* THE PROBLEM:
The line with "Un ragazzo gioco" marks the first line to copy, and the line with "------ Dosen Red" marks the last. Transcribe that stretch of the data below exactly, without pictures.

* SUPPLIED MATERIAL:
☆ ☆ ☆ ☆
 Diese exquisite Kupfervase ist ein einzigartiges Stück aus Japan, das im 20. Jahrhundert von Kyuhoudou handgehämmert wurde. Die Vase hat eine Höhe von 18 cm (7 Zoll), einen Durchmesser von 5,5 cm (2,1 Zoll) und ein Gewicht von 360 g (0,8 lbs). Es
☆ ☆ ☆ ☆
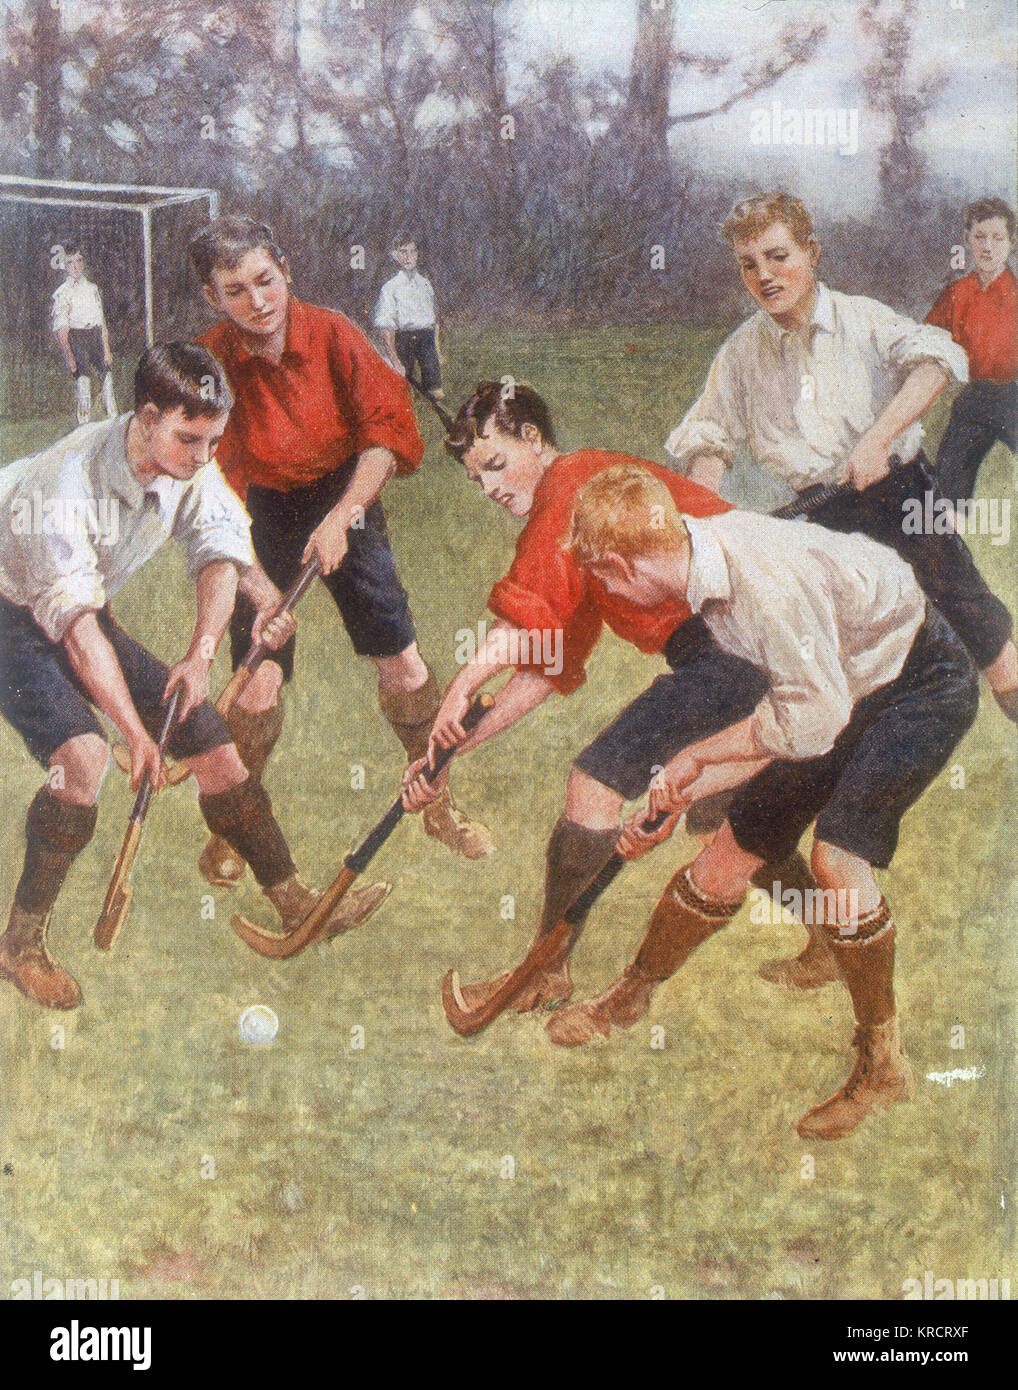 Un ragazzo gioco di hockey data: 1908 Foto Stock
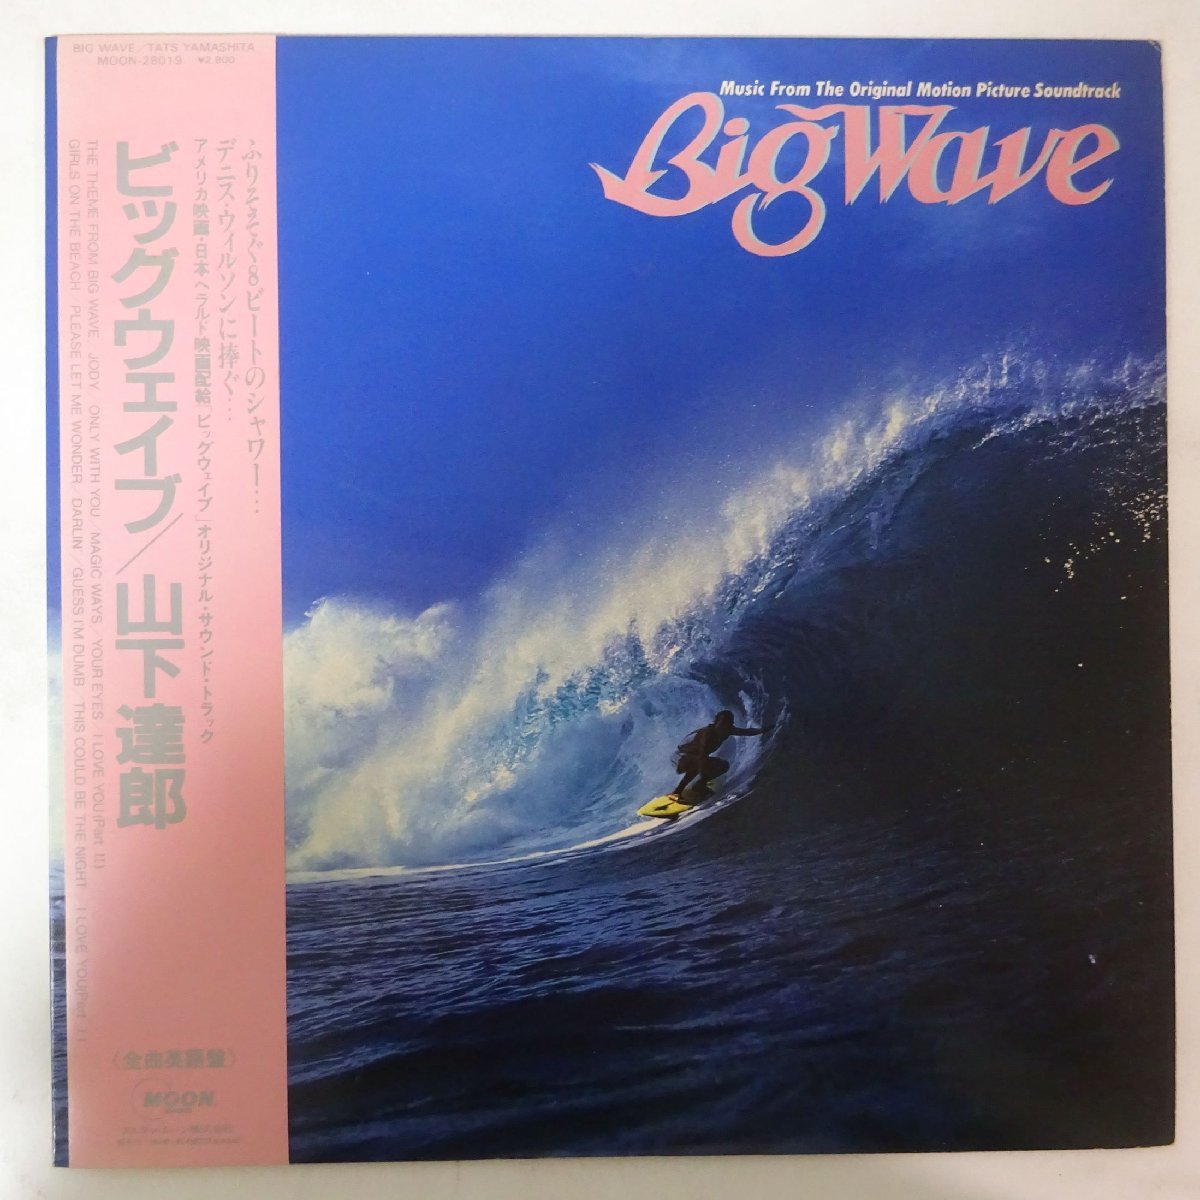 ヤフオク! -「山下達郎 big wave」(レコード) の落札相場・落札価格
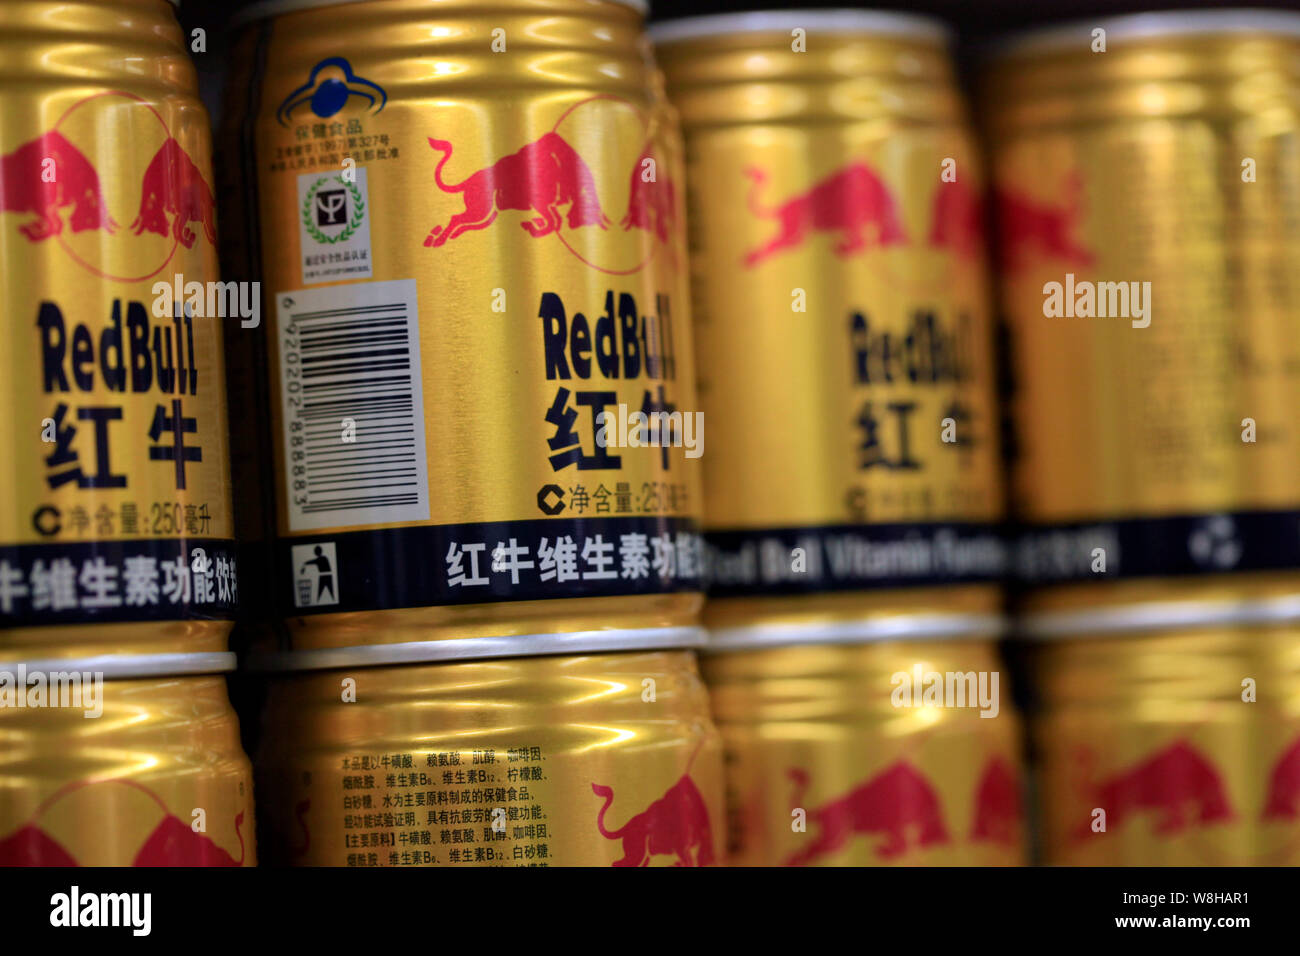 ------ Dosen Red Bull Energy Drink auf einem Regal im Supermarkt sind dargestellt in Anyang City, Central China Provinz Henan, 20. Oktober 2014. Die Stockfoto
☆ ☆ ☆ ☆
* ANSWER SECTION:
 Un ragazzo gioco di hockey data: 1908 Foto Stock
 ヤフオク! -「山下達郎 big wave」(レコード) の落札相場・落札価格
 ------ Dosen Red Bull Energy Drink auf einem Regal im Supermarkt sind dargestellt in Anyang City, Central China Provinz Henan, 20. Oktober 2014. Die Stockfoto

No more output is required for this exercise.